Egyptian Arabic often combines words with clitics and particles, making segmentation challenging.

Example:

  • "وبالليل" (and at night) consists of:

    • و (and)

    • ب (in)

    • الليل (night)

  • "هقولك" (I will tell you) consists of:

    • ه (future marker)

    • قول (say/tell)

    • ك (you)

Proper tokenization is necessary to split these components correctly.

4. Dialectal Variations

Egyptian Arabic differs significantly from MSA, requiring dialect-specific preprocessing for NLP tasks.

Example:

  • "How are you?" in different Arabic dialects:

    • MSA (Modern Standard Arabic): "كيف حالك؟"

    • Egyptian: "إزيّك؟" (Ezzayyak? for a male, Ezzayyik? for a female.)

    • Gulf (Bahrain, Kuwait, Iraq, Oman, Qatar, Saudi Arabia, and the UAE): "شخبارك؟"

    • Levantine (Syria, Lebanon, Palestine, and Jordan): "كيفك؟"

A model trained on MSA alone might struggle to process Egyptian Arabic unless fine-tuned with dialectal data.

5. Mixed-Language Text Processing (Code-Switching)

Egyptian Arabic speakers frequently mix Arabic with English and French, especially on social media.

Example:

  • "أنا رايح ال gym بعد الشغل." ( I’m going to the gym after work. )

  • "بجد ال movie دي كانت جامدة!" (Seriously, this movie was amazing! )

  • "أنا literally مش قادر." (I am literally exhausted.)
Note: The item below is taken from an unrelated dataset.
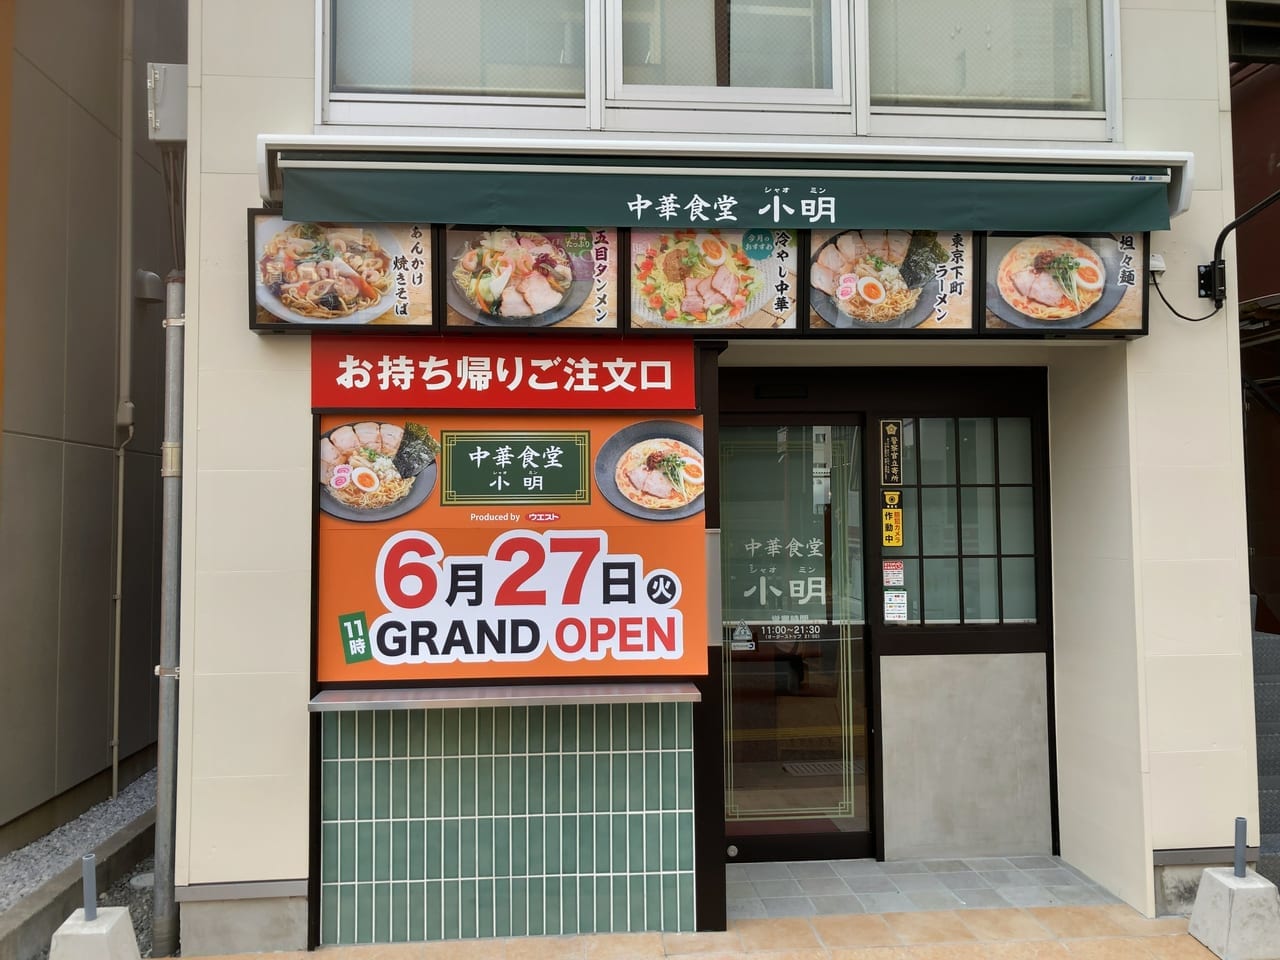 中華食堂 小明(シャオミン)が、6月27日(火)11時にグランドオープンするようです。

3. Preprocessing Egyptian Arabic Text for NLP

1. Text Normalization

Egyptian Arabic has spelling variations due to dialectal differences. Normalization helps unify the text by:

  • Removing diacritics: "مُستَنيّك" → "مستنيك"

    • Dediacritization

    •     from camel_tools.utils.dediac import dediac_ar
      
          sentence = "هَلْ ذَهَبْتَ إِلَى المَكْتَبَةِ؟"
          print(sentence) # هَلْ ذَهَبْتَ إِلَى المَكْتَبَةِ؟
      
          sent_dediac = dediac_ar(sentence)
          print(sent_dediac) # هل ذهبت إلى المكتبة؟
      
  • Normalizing Alef variants: "إزاي" → "ازاي"

  • Converting Teh Marbuta (ة) to Heh (ه): "مدرسة" → "مدرسه"
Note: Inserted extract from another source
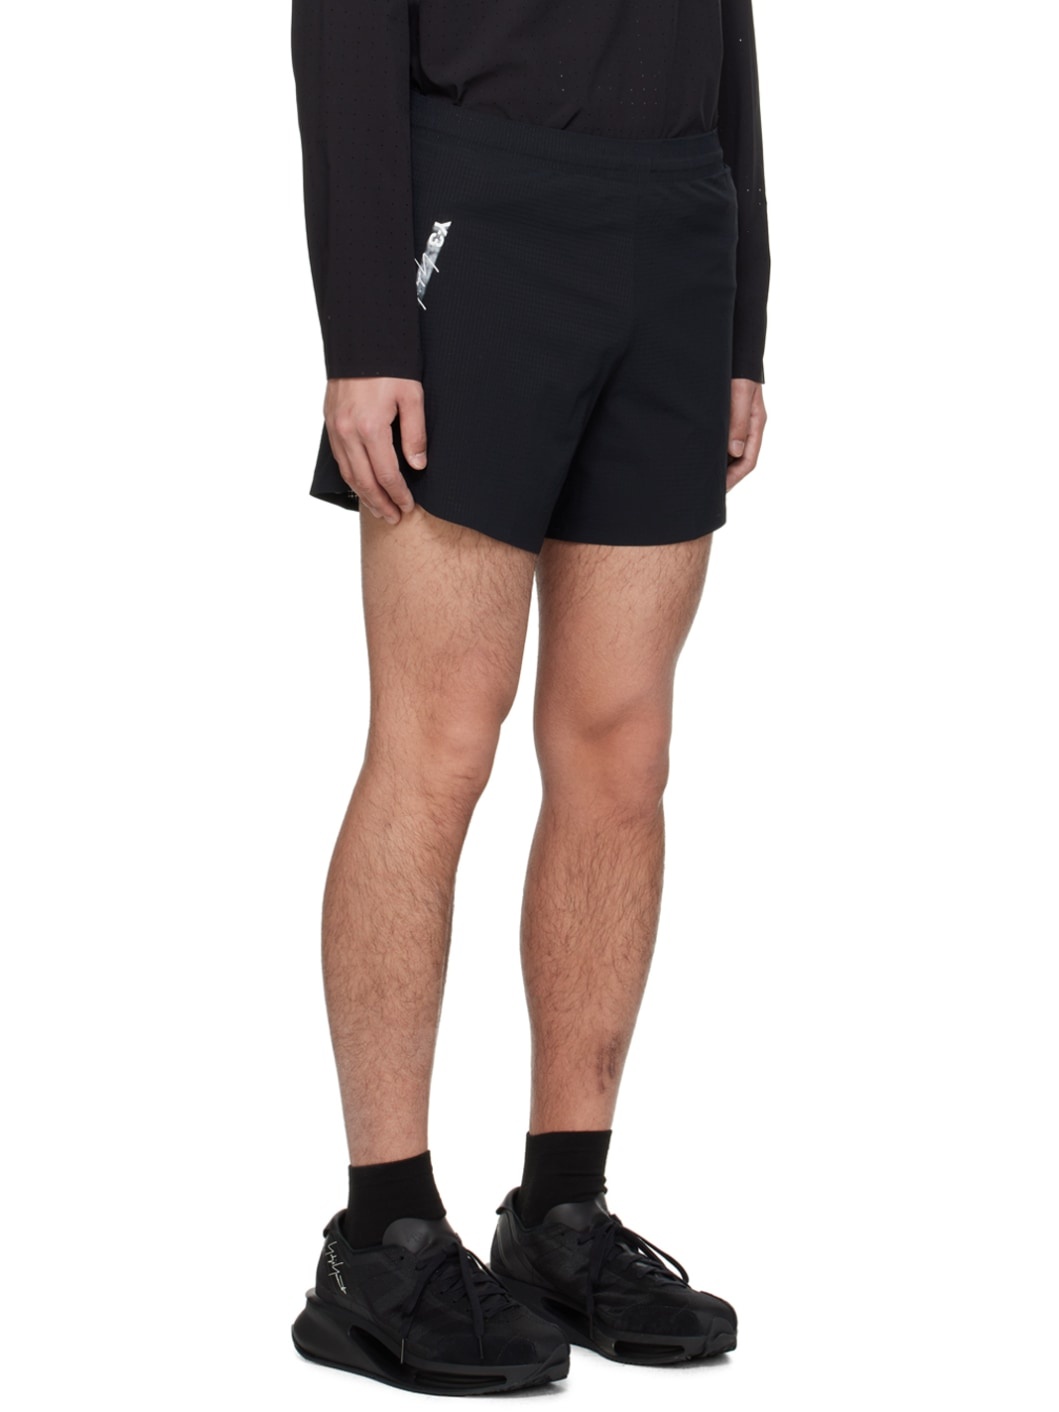 Black Printed Shorts - 2

    • Orthographic Normalization with camel_tools

    •     from camel_tools.utils.normalize import normalize_alef_maksura_ar
          from camel_tools.utils.normalize import normalize_alef_ar
          from camel_tools.utils.normalize import normalize_teh_marbuta_ar
      
          sentence = "هل ذهبت إلى المكتبة؟"
          print(sentence) # هل ذهبت إلى المكتبة؟
      
          # Normalize alef variants to 'ا'
          sent_norm = normalize_alef_ar(sentence)
          print(sent_norm) # هل ذهبت الى المكتبة؟
      
          # Normalize alef maksura 'ى' to yeh 'ي'
          sent_norm = normalize_alef_maksura_ar(sent_norm)
          print(sent_norm) # هل ذهبت الي المكتبة؟
      
          # Normalize teh marbuta 'ة' to heh 'ه'
          sent_norm = normalize_teh_marbuta_ar(sent_norm)
          print(sent_norm) # هل ذهبت الي المكتبه؟
      
  • Eliminating elongation (ـــ): "عاااااش" → "عاش"

    •         # Remove Tatweel (Kashida) and digits
              text = re.sub(r'[\d_\u0640]', '', text)
      

2. Stopword Removal

Removing common words like "أنا", "كنت", "في" helps reduce noise.
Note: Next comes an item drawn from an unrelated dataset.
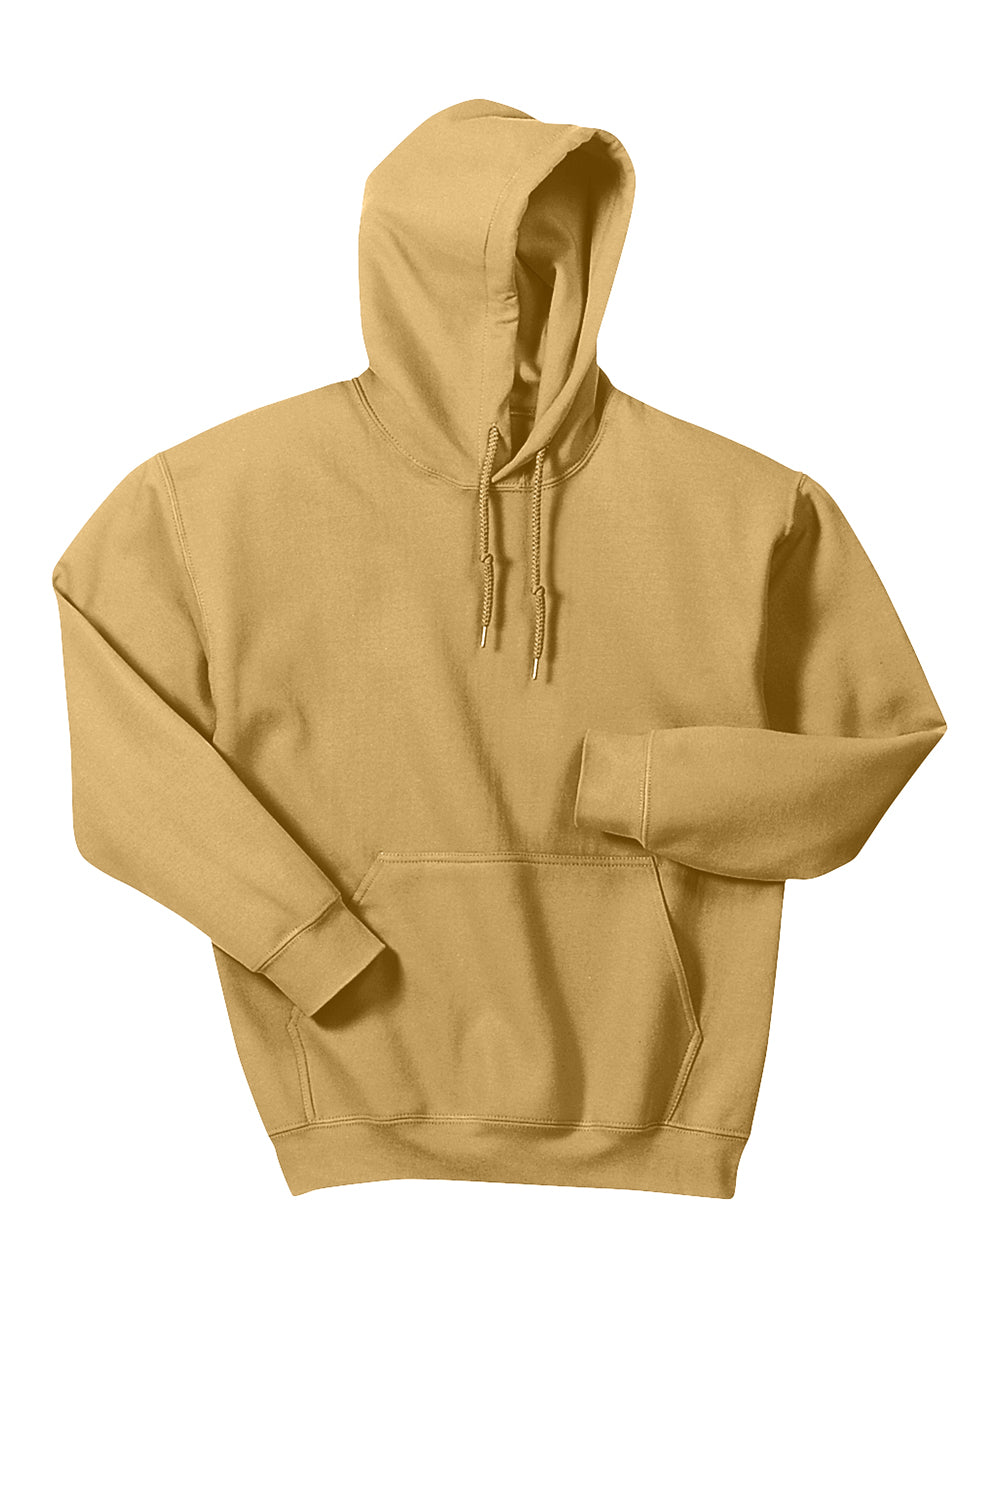 Gildan Mens Hooded Sweatshirt Hoodie Old Gold Flat Front

  • Example: "أنا كنت في الجامعة" → "جامعة"

All Code

import logging
import re
import string
import emoji
import nltk
from camel_tools.utils.dediac import dediac_ar
from nltk.corpus import stopwords

# Setup logging
logging.basicConfig(level=logging.INFO)

# Download stopwords if not available
nltk.download('stopwords')

# Load Arabic stopwords
stop_words = set(stopwords.words('arabic'))
excluded_stopwords = {"لم", "لن", "لا", "لكن"}  # Negation words to keep
stop_words -= excluded_stopwords

# Clean text by removing URLs, emojis, punctuations, and normalizing Arabic
def data_cleaning(text: str) -> str:
    if not isinstance(text, str) or not text.strip():
        logging.warning("Empty or invalid input for data_cleaning.")
        return ""

    # Remove URLs
    text = re.sub(r'https?://\S+|www\.\S+', '', text)

    # Remove extra spaces
    text = re.sub(r'\s+', ' ', text).strip()

    # Remove diacritics
    text = dediac_ar(text)

    # Remove Tatweel (Kashida) and digits
    text = re.sub(r'[\d_\u0640]', '', text)

    # Normalize Arabic letters
    replacements = {
        "\u0622": "\u0627",  # Alef with madda
        "\u0625": "\u0627",  # Alef with hamza below
        "\u0623": "\u0627",  # Alef with hamza above
        "\u0624": "\u0648",  # Waw with hamza
        "\u0626": "\u064a",  # Yeh with hamza
        "\u0629": "\u0647",  # Teh Marbuta to Heh
    }
    text = normalize_arabic(text, replacements)

    # Remove punctuation
    text = text.translate(str.maketrans('', '', string.punctuation))

    # Remove emojis
    text = emoji.replace_emoji(text, replace="")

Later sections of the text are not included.